In today’s competitive marketplace, it is essential for professional advisers and their firms to remain aligned with clients’ changing needs and expectations. A well‑designed client feedback programme is a powerful tool that can be scaled up to support this objective.
This article outlines ten practical tips to help embed success into your scaled-up client feedback programme and highlights factors which, if ignored, can make it harder to realise its full value.
1. Keep clients at the centre of what you do
Keeping clients at the centre of everything your firm does makes good business sense. By understanding client opinions and needs, firms are better positioned to create client‑perceived value, win more work, and mitigate risk.

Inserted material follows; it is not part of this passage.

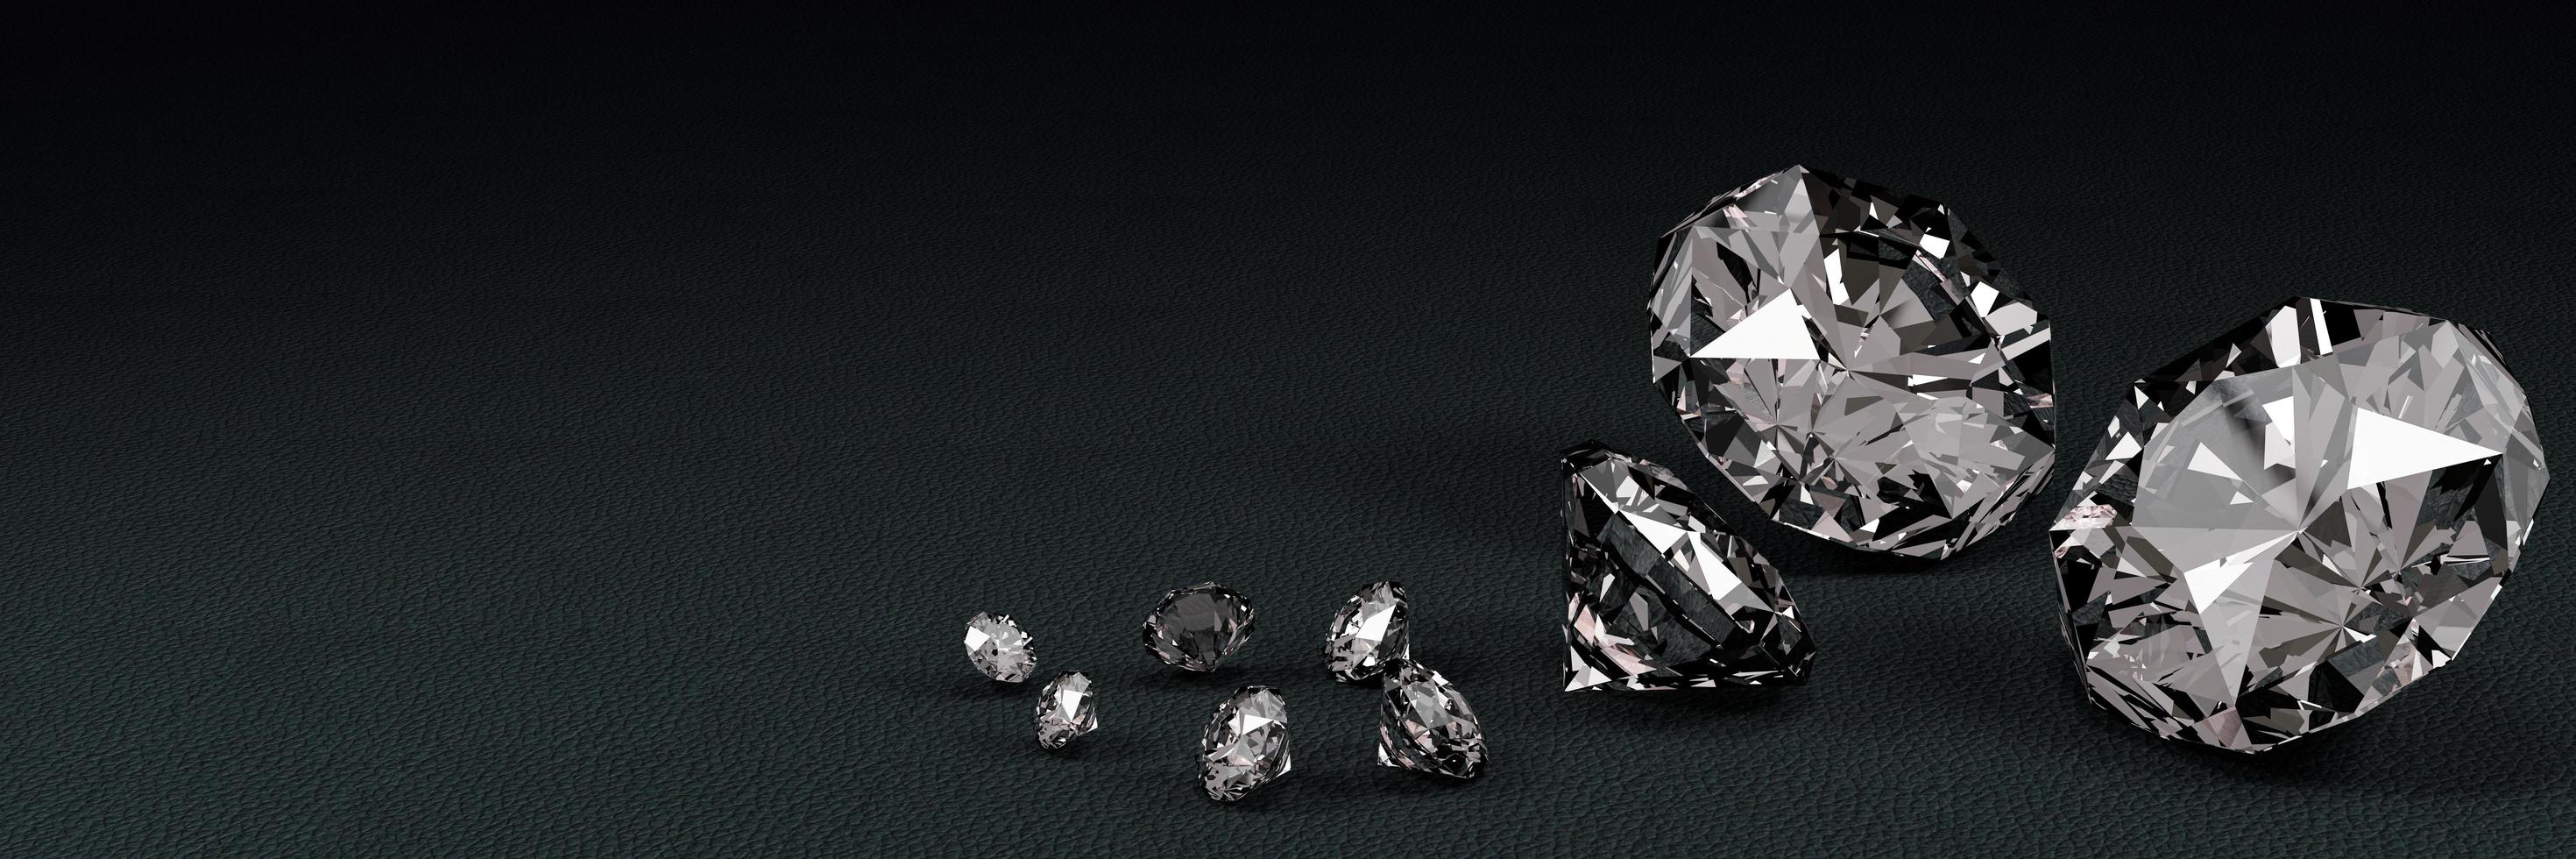 3D-rendering van veel diamanten op een zwart oppervlak met reflectie. foto

2. Secure senior buy‑in to scale-up and link outputs to the business plan
Your client feedback programme should be clearly positioned as part of the firm’s business plan, delivering benefits for clients, fee earners, and the firm as a whole. Link feedback questions directly to business objectives. When insight aligns with strategic priorities, it becomes more actionable and valuable. If outputs cannot be linked to business goals, the issue is usually either who is being interviewed or how questions are framed, both of which can be addressed.

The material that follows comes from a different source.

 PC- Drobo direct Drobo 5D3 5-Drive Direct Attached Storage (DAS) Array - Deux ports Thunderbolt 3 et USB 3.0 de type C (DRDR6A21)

3. Choose the right scale-up team
Successful programmes are led by a small, diverse team who champion the initiative across the firm. Typical roles include an executive sponsor, project manager, data specialist, and administrative support, with key adovates in each office/practice group. These roles rarely require full‑time commitment and will evolve as the programme matures. The project manager is particularly important, often starting as the scale-up process manager and developing into a strong advocate for the programme’s success.

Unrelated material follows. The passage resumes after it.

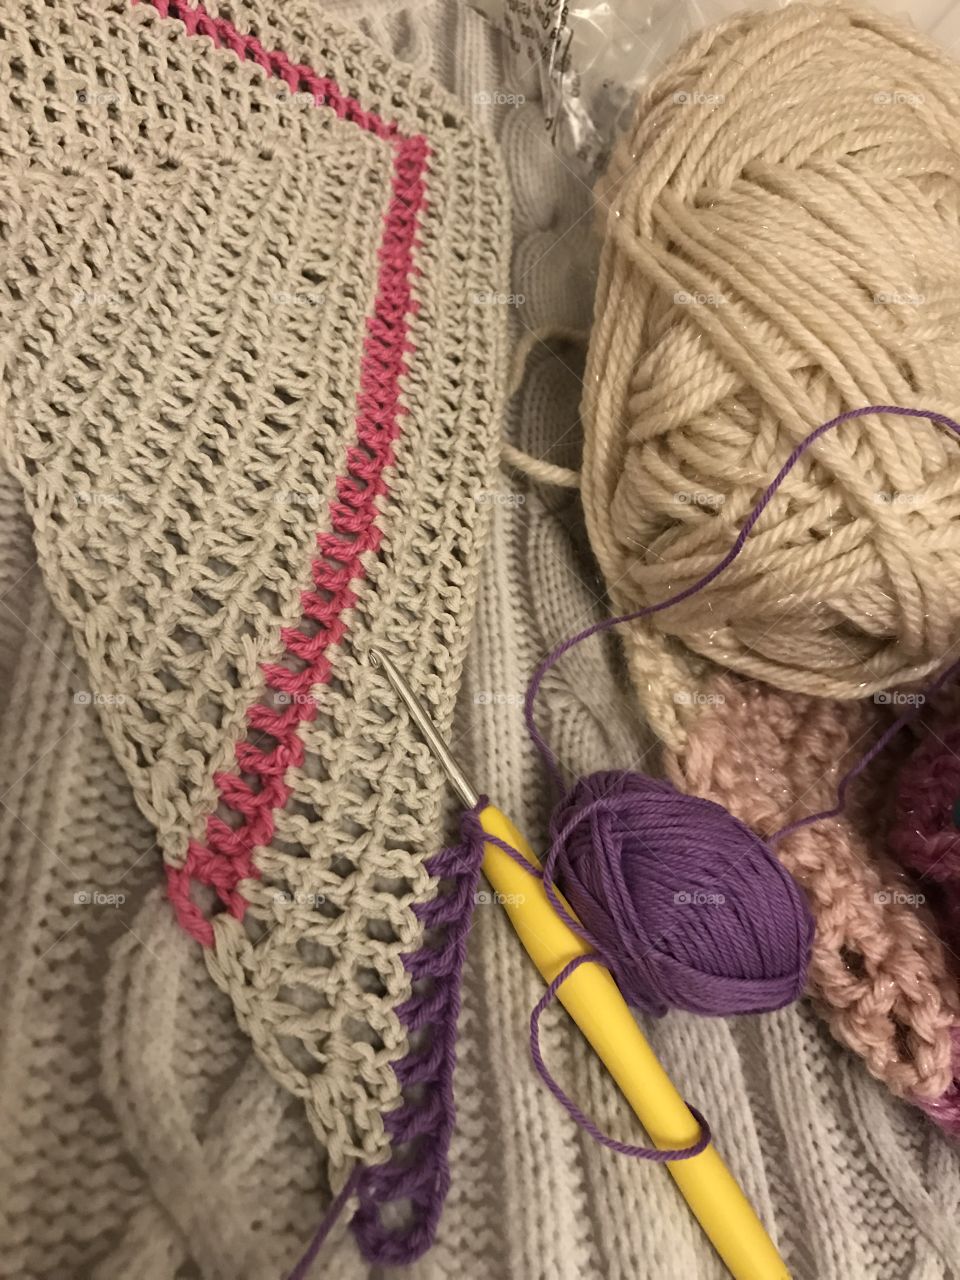 Crochet craft yarn wool

4. Demonstrate return on investment
Return on investment should be visible and meaningful. ROI typically falls into two categories, soft and hard.
- Soft ROI relates to process and engagement, such as programme launch, increased response rates, improved engagement with hard‑to‑reach clients, training outcomes, and internal or external communications. While these benefits may not always be easily monetised, they can have a wide cultural and reputational impact.
- Hard ROI links directly to commercial outcomes, such as retaining at‑risk clients, winning new mandates, increasing revenue, resolving issues, and identifying cross‑sell opportunities. These benefits can be quantified and reported.
5. Set and report key performance indicators
KPIs should reflect the maturity of the programme and the firm’s business objectives, and are often closely aligned to ROI. Early‑stage programmes may focus on participation rates or satisfaction measures, while more advanced programmes may combine satisfaction, recommendation metrics, and service delivery indicators. Consistent internal benchmarking helps track performance, identify trends, and define what success looks like.
6. Offer flexible interview options
Offering different interview formats improves participation and acceptance. Interview methods should reflect client importance, complexity, and geography. In practice, this may involve in‑person or virtual interviews for key clients, telephone interviews for dispersed clients, and online web-surveys for more transactional relationships.
7. Welcome both positive and negative feedback
Most feedback in professional services is positive, but relying only on favourable responses creates risk. Indifferent or negative feedback provides vital insight and opportunities for improvement. Negative feedback should be viewed as a chance to learn, strengthen service delivery, and reduce future risk. When issues are addressed effectively, they can often be turned into success stories.
8. Reward and recognise success
Recognising success reinforces the value of the programme, this is a key role of a managing partner or CEO. Fee earners benefit from acknowledgement for good service, recommendations, and commercial outcomes. Structured recognition, and constructive responses when issues arise, help embed learning across the firm. Everyone has a role in meeting client expectations.
9. Communicate clearly and consistently
Communication is critical, both externally and internally. Clients should hear a clear message of thanks, listening, and action. Internally, communication should share insight themes, ROI, and KPIs, supported by evidence and clear analysis. Gap analysis between client expectations and service delivery is often an effective way to communicate findings.
10. Take action
Client feedback only creates value when it leads to action; more feedback invariably means more action. Insight should be treated as a catalyst for improvement, whether changes are large or small. The key principle is accountability. Someone, somewhere, must own the action arising from feedback to ensure learning is translated into better client outcomes.